DBSCAN represents the distribution and aggregation of samples through two parameters: the neighborhood radius ε and the minimum number of points MinPts within the neighborhood. The number of objects obtained within the ε-neighborhood is defined as density. When the density exceeds a specified threshold, all these objects form a cluster. Taking the set D(x1, x2,…, xm) as an example, the clustering process can be defined as follows:
(2) Core object: an object that its ε-neighborhood containing at least MinPts other objects is called the core object.
(3) Directly density-reachable: if an object xi is within the ε-neighborhood of xj, and xj is a core object, then we call xi is directly density-reachable from xj.
(4) Density-reachable: for a chain of objects p1, p2,…, pn, meet the conditions that pi+1 is directly density-reachable from pi. If p1 = xi and pn = xj, then object xj is density-reachable from the object xi.
(5) Density-connected: as for objects xi and xj, if there is a core object xk, and both xi, xj are density-reachable from xk, then xi is density-connected to xj.
DBSCAN randomly selects an unclassified object to search its ε-neighborhood. If the number of points in the ε-neighborhood is less than MinPts, the object will be marked as a noise object. Density clustering is completed until all core objects are marked. All the objects that exist in the relationship of density-connected clustered and objects can be divided into one or more categories.

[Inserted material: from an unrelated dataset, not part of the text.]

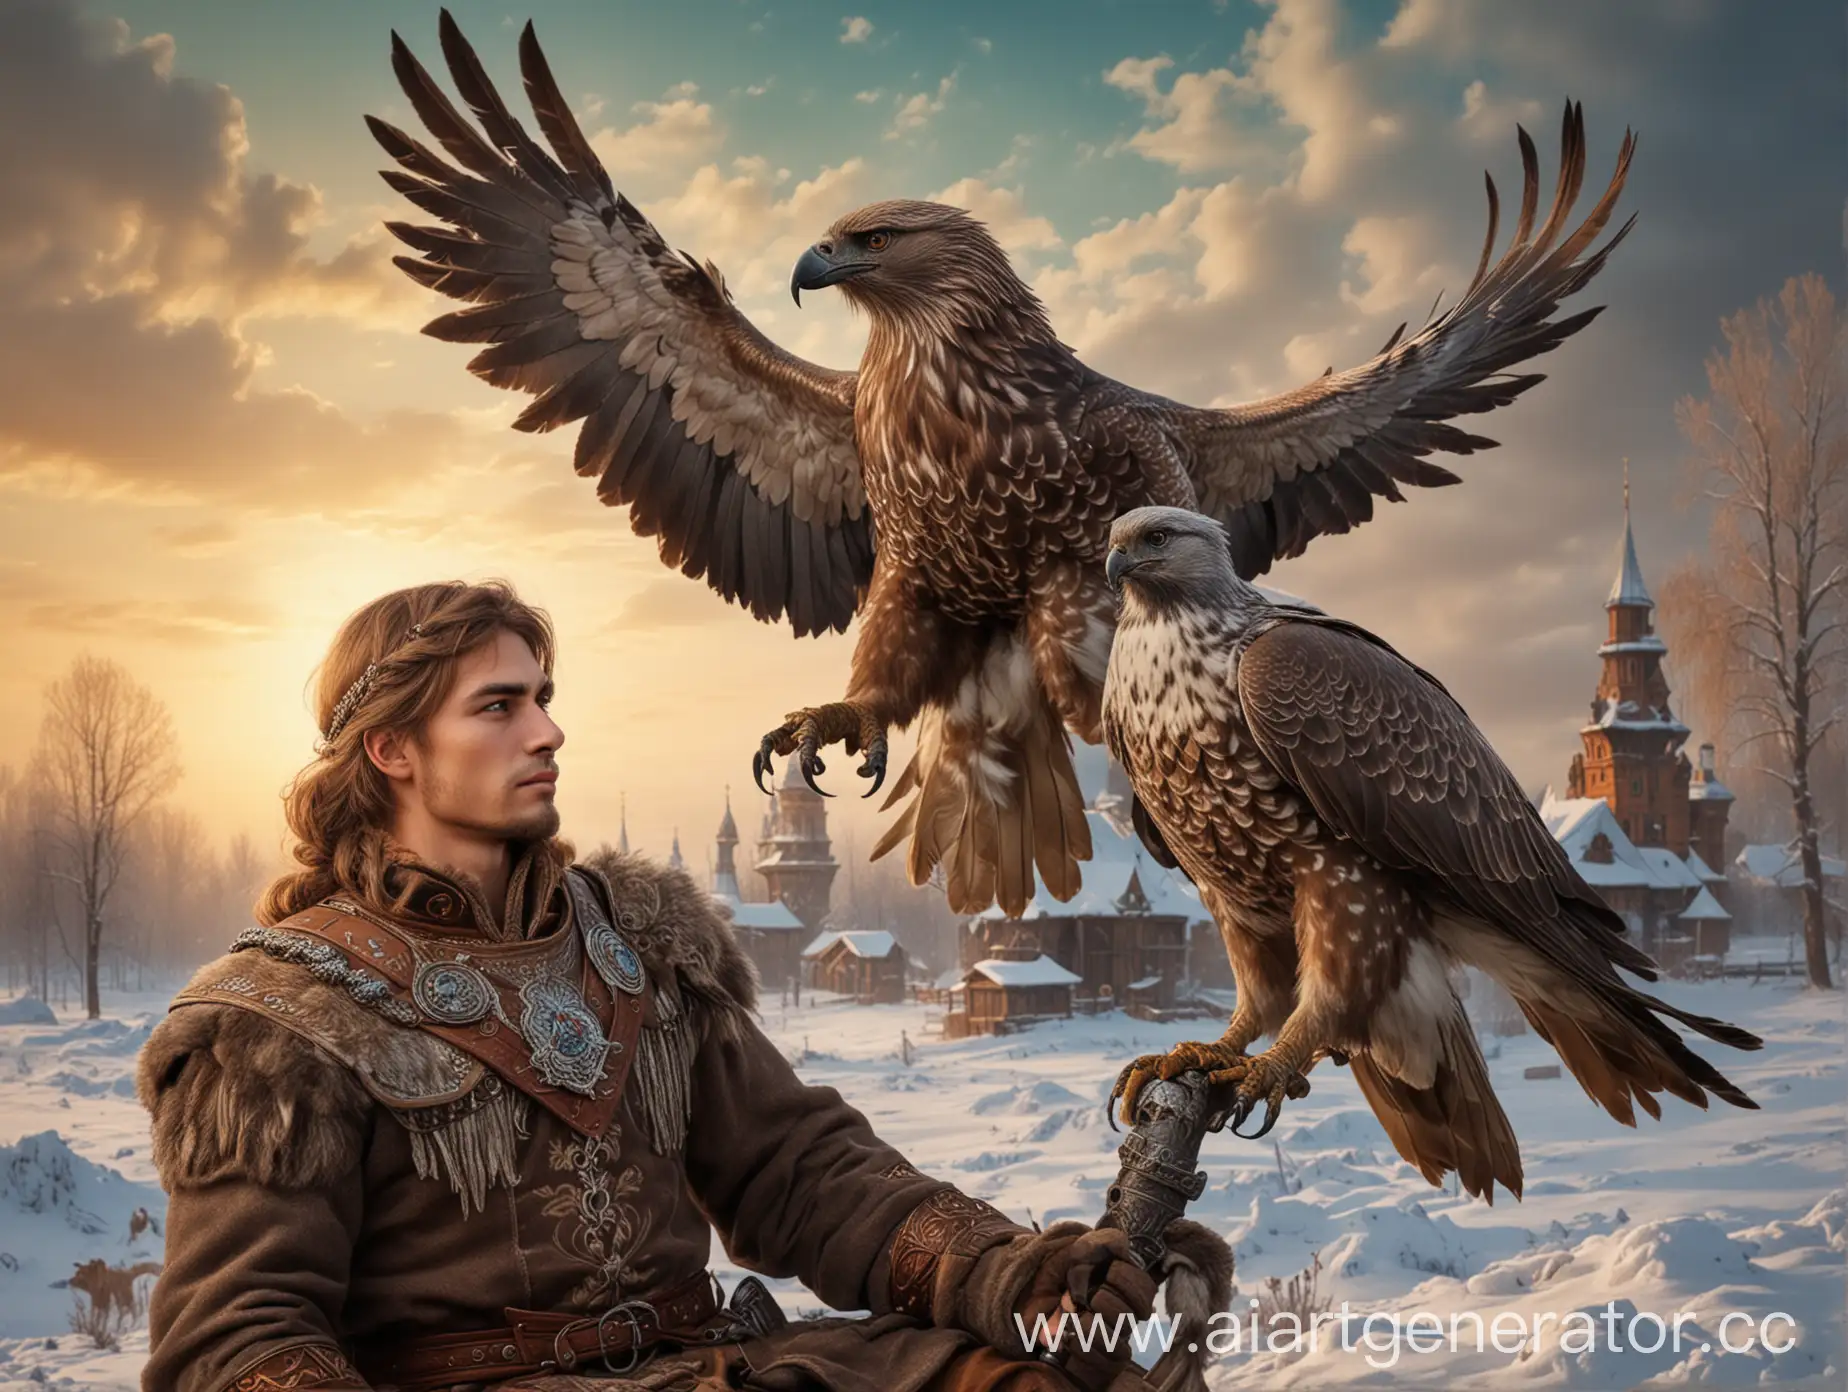 Russian-Bogatyr-with-Falcon-in-Fairy-Tale-Setting

The advantage of using DBSCAN for pipeline leakage identification is that unsupervised learning has no dependence on labels and is very friendly for processing large-scale data. After obtaining samples, the next experiments can be carried out immediately, improving the data cost of supervised learning. Moreover, it automatically extracts key features through clustering without the need for manual selection, thereby reducing the influence of subjective factors. Furthermore, the proposed method has significant environmental friendliness compared to excavation methods. It differs from existing equipment-based methods (such as infrared imaging, which is unsuitable for cold water pipes, and electromagnetic induction, which is not suitable for non-metallic pipes) in its strong adaptability and robustness to complex environments and different types of pipelines. Compared to methods that solely use GPR, the proposed approach combines the DBSCAN unsupervised learning clustering algorithm with GPR to enable rapid detection, eliminating the need for human judgment to discern leakage conditions and provide the range of leakage areas based on experience.
DATA SOURCES
Experimental setup
The survey lines are arranged in an orthogonal grid as shown in Figure 3(c), with 35 GPR survey lines parallel to the ductile iron pipe, referred to as X-n (n = 1, 2, …, 35), and 25 GPR survey lines perpendicular to the ductile iron pipe, referred to as Y-m (m = 1, 2, …, 25). The distance between two adjacent lines is 0.1 m. A 5 m diameter leak hole was pre-drilled at the intersection of survey lines X-18 and Y-17, and the other end of the ductile iron pipe was sealed to ensure that water could only leak out from the hole. Data collection was carried out using the MALA ProEx Basic system and a 500 MHz shielded antenna. Each trace consisted of 256 sampling points, stacked 4 times at a sampling frequency of 7,000 MHz.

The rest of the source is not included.